Тёмная вода. Ни тепла, ни холодна. Где-то бульк­нула рыба. И пузырь лопнул, дойдя до поверхности. Дал несколько слабых кругов. Дерево наклонилось, полощет кончики пальцев…

Бежит Филимон домой из школы. Мешочек для обуви с пришитым квадратиком белой ткани хлопает по портфелю. А на квадратике чернильным карандашом аккуратно выведено: 1 «В». Останавливается Филимоша и начинает крутиться, портфель вытягивает руку и стремится сорваться с орбиты. А может быть, это портфель его крутит?.. Нет полной ясности в этом вопросе…

Снова белый квадратик, но теперь бумажный. Наклейка на чемодане. А на ней крупно, чётко: фамилия. Первый и последний раз он едет в пионерский лагерь. Утром с трудом встал. На душе тоскливо, слегка мутит. А вокруг веселье, все в радостном возбуждении. Ребятишки шумят. Родители дают последние напутствия своим чадам. Вожатые проводят перекличку…

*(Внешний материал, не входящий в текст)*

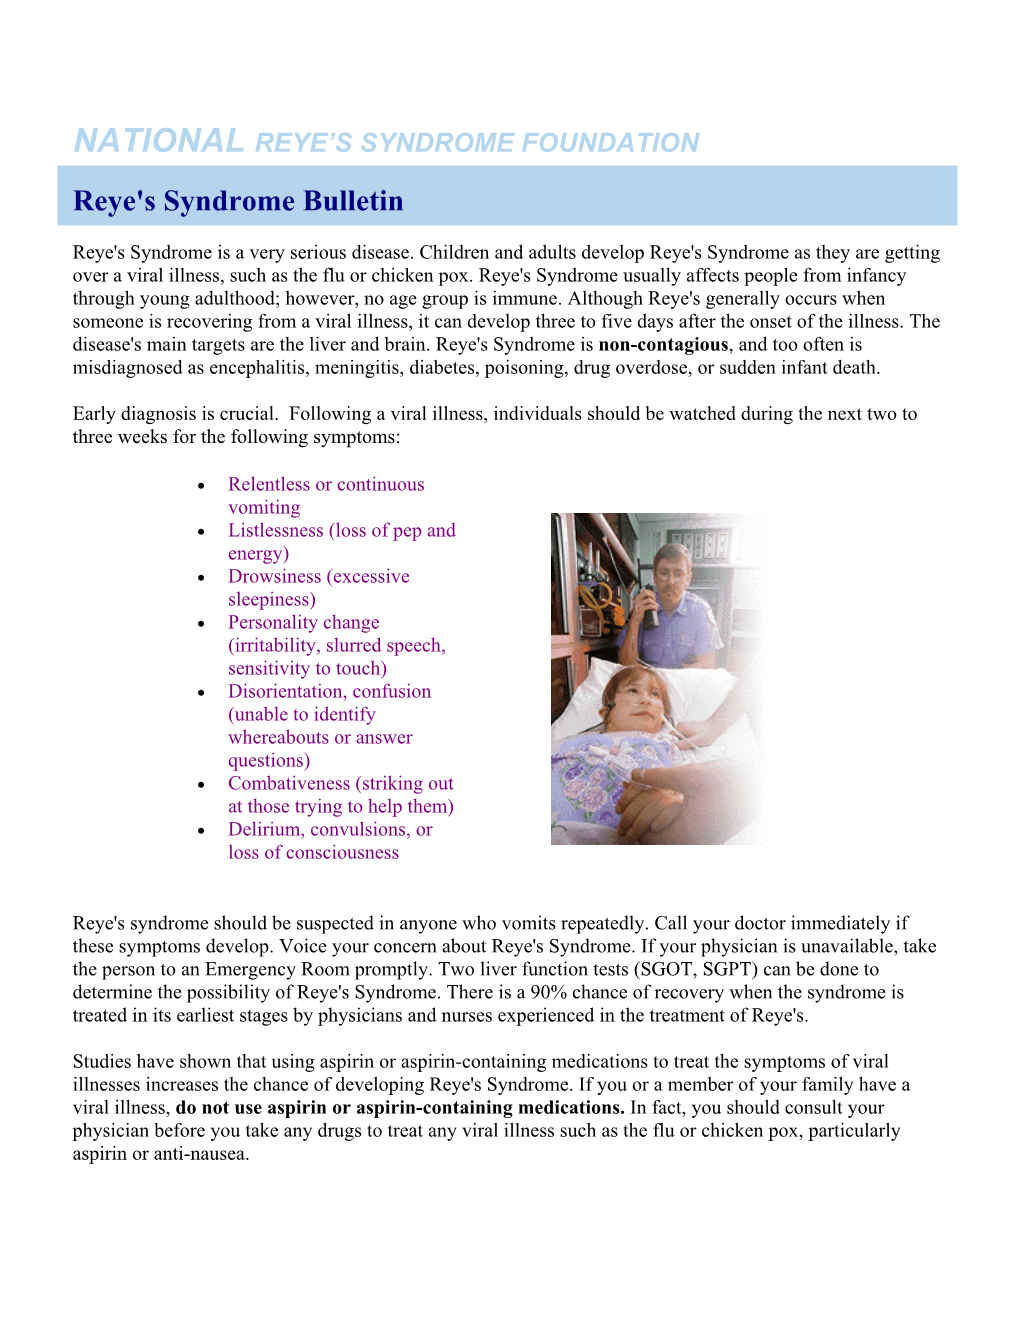 National Reye's Syndrome Foundation (NRSF), the U.S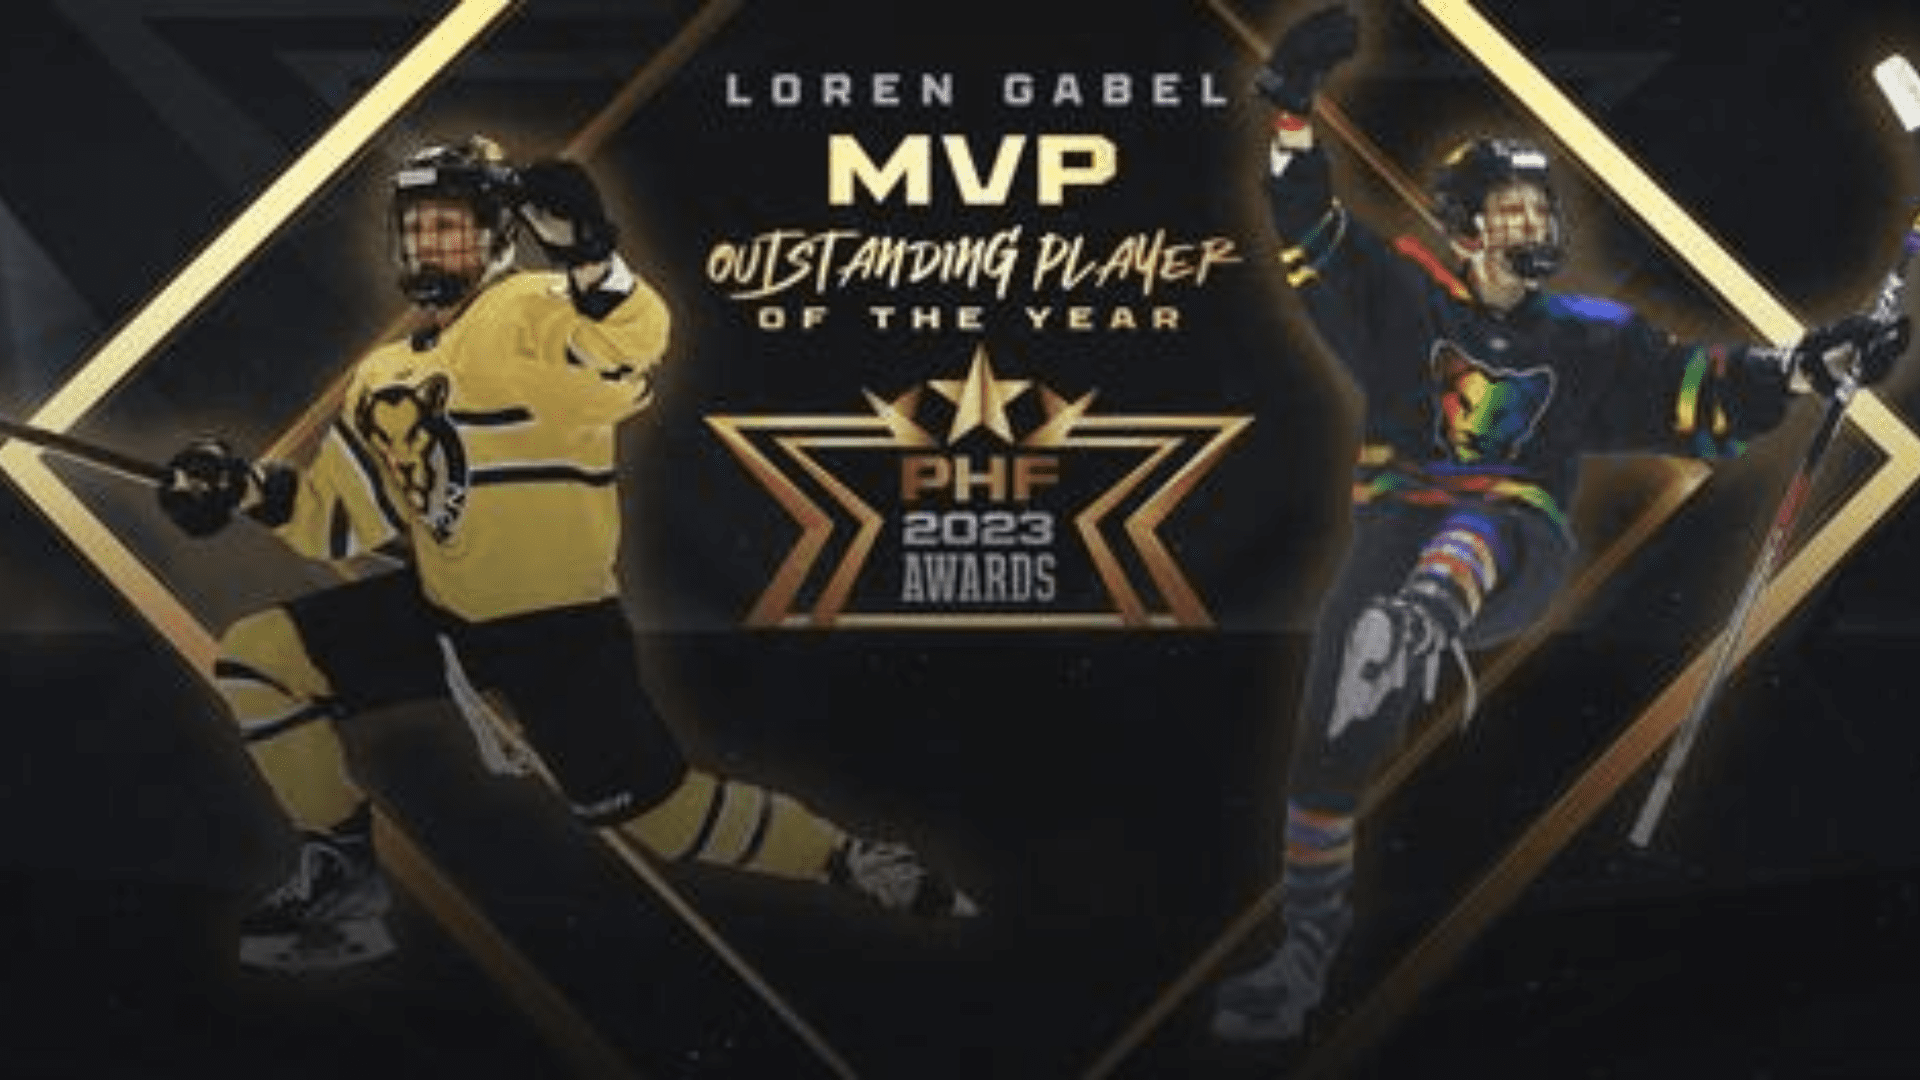 The WHL on X: Congratulations to the 22 players selected in the

Пробыл в ла­гере три дня. Сразу стала накатывать тошнота. На всю жизнь запомнился жуткий клозет. «От тоски», — думал Филимон. Наконец его вырвало. А в столовой шум, гам, пионеры уплетают кот­леты с макаронами… Оказалось, корь. Облегчение наступило в чистом медицинском изоляторе. Лица наплывают пятнами. Заботливые, всполошённые женщины в бе­лых халатах. Надо срочно увозить ребёнка! Иначе весь лагерь охватит опасная инфекция!

Утром с трудом отыскали машину — «Победу». Врачиха, Филимон, шофер, приятельница шофера и какой-то дядька солидный с портфелем. Напросился, мол, срочно нужно в город. С трудом разместились. Поехали. Дядька начинает расспрашивать, кто да что, да по какой надобности. И вдруг как обухом по голове: корь! Как корь?! И уже запаниковал не на шутку:

— Давайте срочно пересядем! Я, кажется, не болел корью. Да, точно не бо­лел! — А внутри: «Караул! Спасайся кто может!» — Вы понимаете? Или нет? Товарищ! Остановите машину! Кому говорят!

— А я не могу в середине! — неожиданно заарта­чилась врачиха. — Меня укачивает! Мне надо в открытое окно дышать!

Филимоша в лёгком забытьи. Ему всё равно. Температура немалая. Мелькает быстро за окошком щербатое шоссе. Дядька сжался, запихивает платок в рот, пытается пре­градить путь бациллам.

— Что вы меня притискиваете? Дышать нечем! — недовольно ворчит врачиха на дядьку.

— Как вы думаете, корь опас­на? В моём возрасте? — опять паникует дядька.

Сумрак лестницы родного дома. Высокая двухстворчатая дверь с фанер­ным ящиком для почты. Покрашено всё коричневой масляной краской. Слышны беззаботные звуки пианино. «Бабушка играет Шопена… — думает Филимоша. — Наконец-то я дома…»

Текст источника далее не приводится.